Of course, Hilda’s known or at least suspected that Lilith’s been unhappy, unsatisfied, and unfulfilled for quite some time now. That pre-Lilith-revelation discussion they’d had about freedom and self-determination and the natural order on their trip to see the feral horses in Maryland keeps popping into her brain, especially now that she’s got more information—maybe not the complete story, but what she’s got is compelling and illuminating enough to make her think some different things—and she juxtaposes this newly known Lilith with the Lilith she’s had fun with, known intimately, seen in action. She considers Lilith’s position in Hell and what Lilith had expected and what had been her lived reality, what she had yearned for and what had been denied her, what she had been assigned to and what she is currently enduring. At least Hilda had chosen to guide and care for Sabrina. It’s not an easy task, and she wouldn’t wish it on someone unprepared for it. Especially under this specific circumstance, given the history and unspoken agreements. She can’t imagine the level of rejection Lilith is experiencing—it’s got to feel like total betrayal, a complete abandonment.

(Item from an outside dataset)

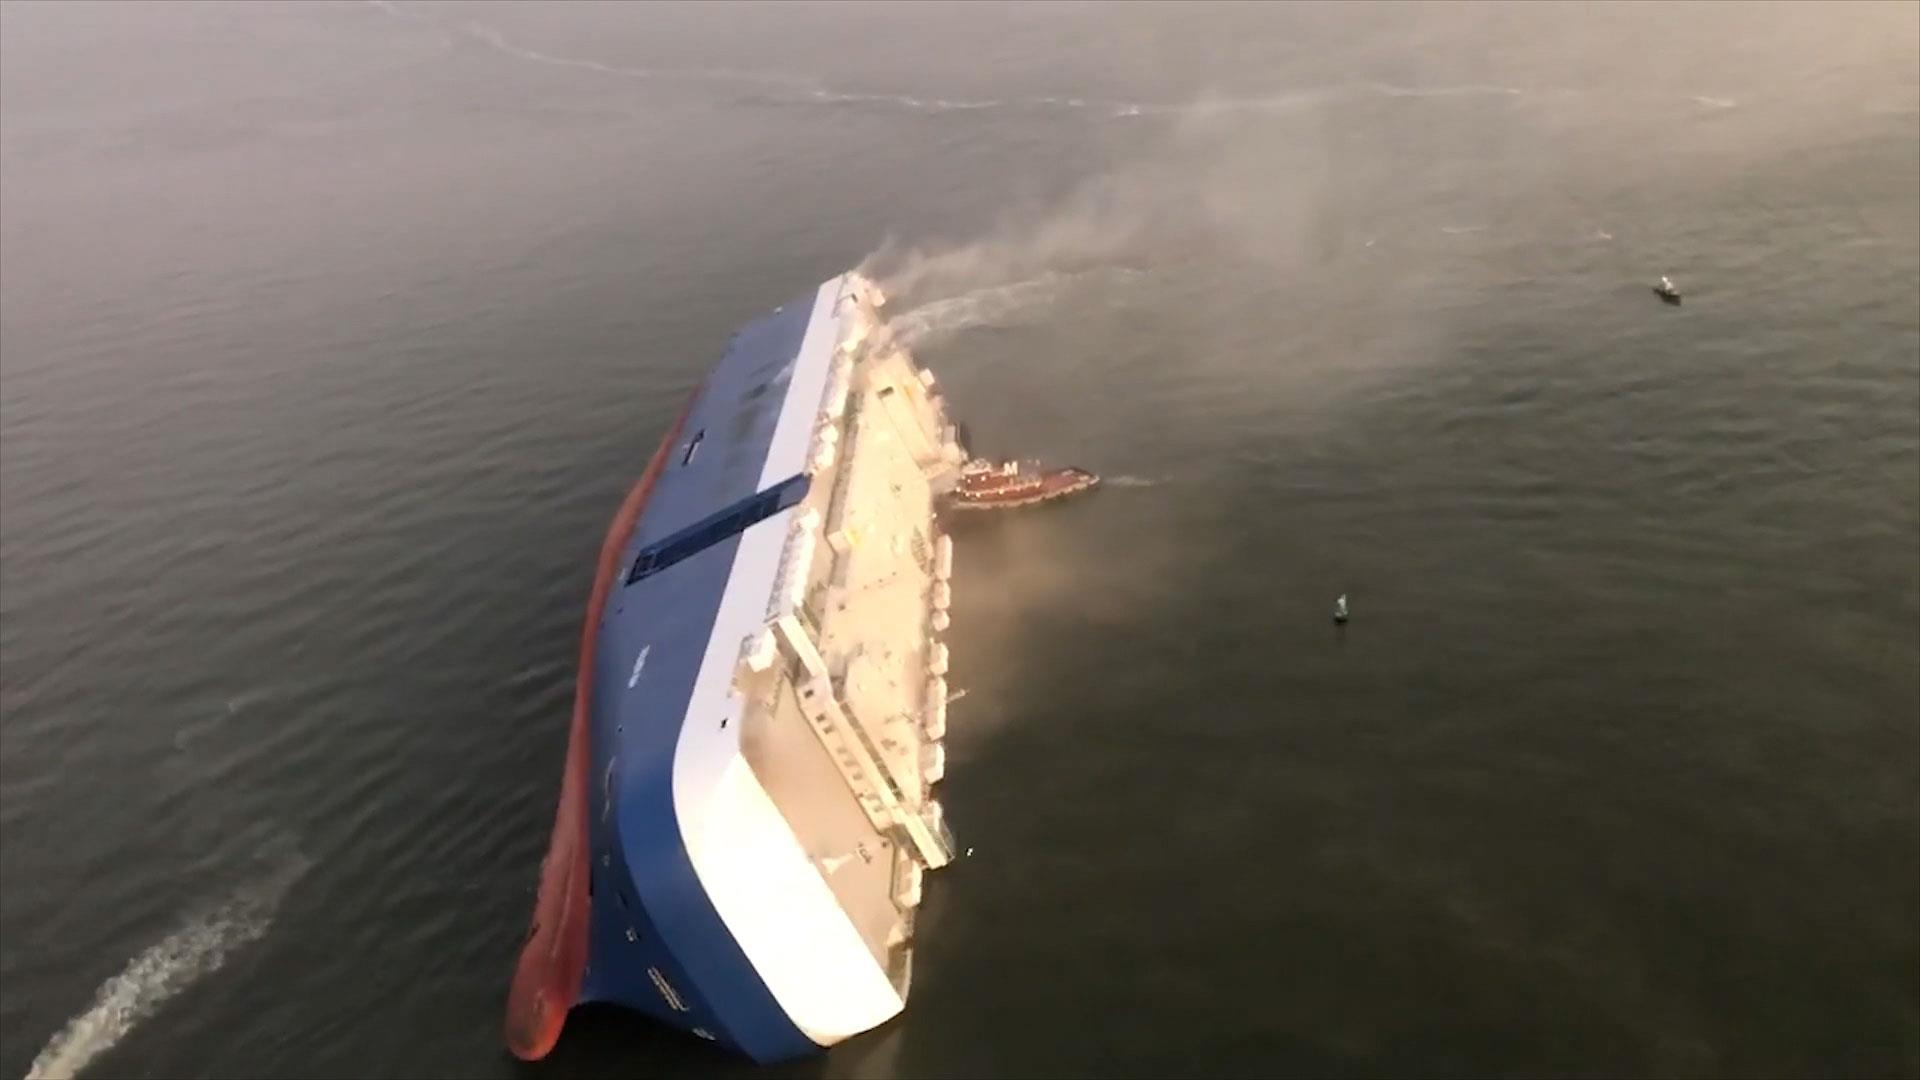 Video Shows Capsized Cargo Ship Near Georgia Coast

She wants so badly to talk to Lilith, tell her she’s worth more than just concubine or regent, tell her she understands her and understands why she’s done the things she’s done—even if she has only peripheral knowledge of both the things Lilith’s done and why—invite her to be her own person and assure her that she would be there alongside her encouraging her.

But because she instinctively gets her, she also gets that Lilith, to function optimally, must feel in control and do things in her own time and in her own way.

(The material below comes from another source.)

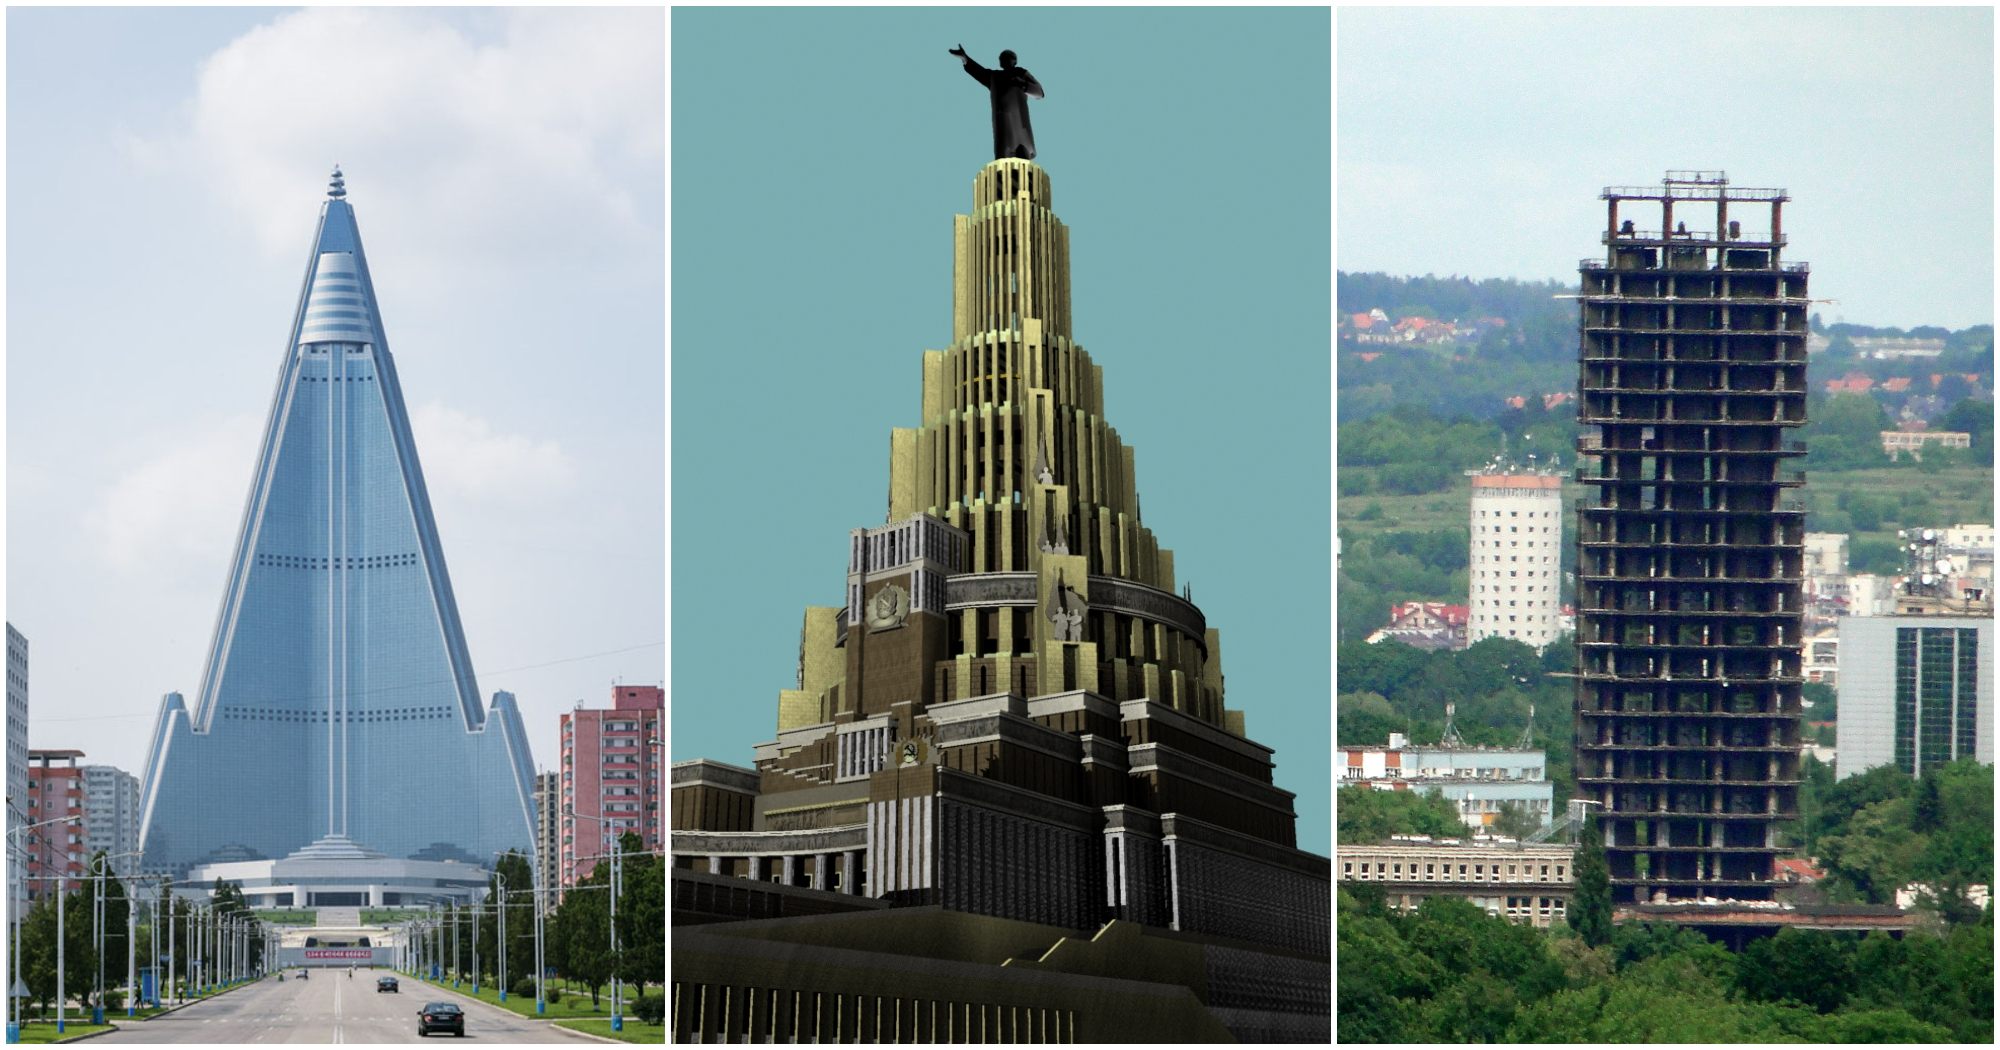 los 10 edificios inconclusos m u00e1s famosos de la historia

Which is the same exact reason she’s let Zelda wallow in self-loathing and self-doubt or revel in self-aggrandizement and self-satisfaction on any number of occasions. She’d known on each such occasion with her sister that any comment she could make would not sway Zelda’s opinion and had additionally known that Zelda could converse rationally only when she was not beholden to either extreme. And ain’t that a kick in the head.

Hilda also remembers a conversation with Miss Kingston: “You surround yourself with people you know won’t challenge you.” And that had hit hard and correct. But now she thinks of the converse or perhaps inverse of that. Perhaps she surrounds herself with people she deems too fragile to challenge.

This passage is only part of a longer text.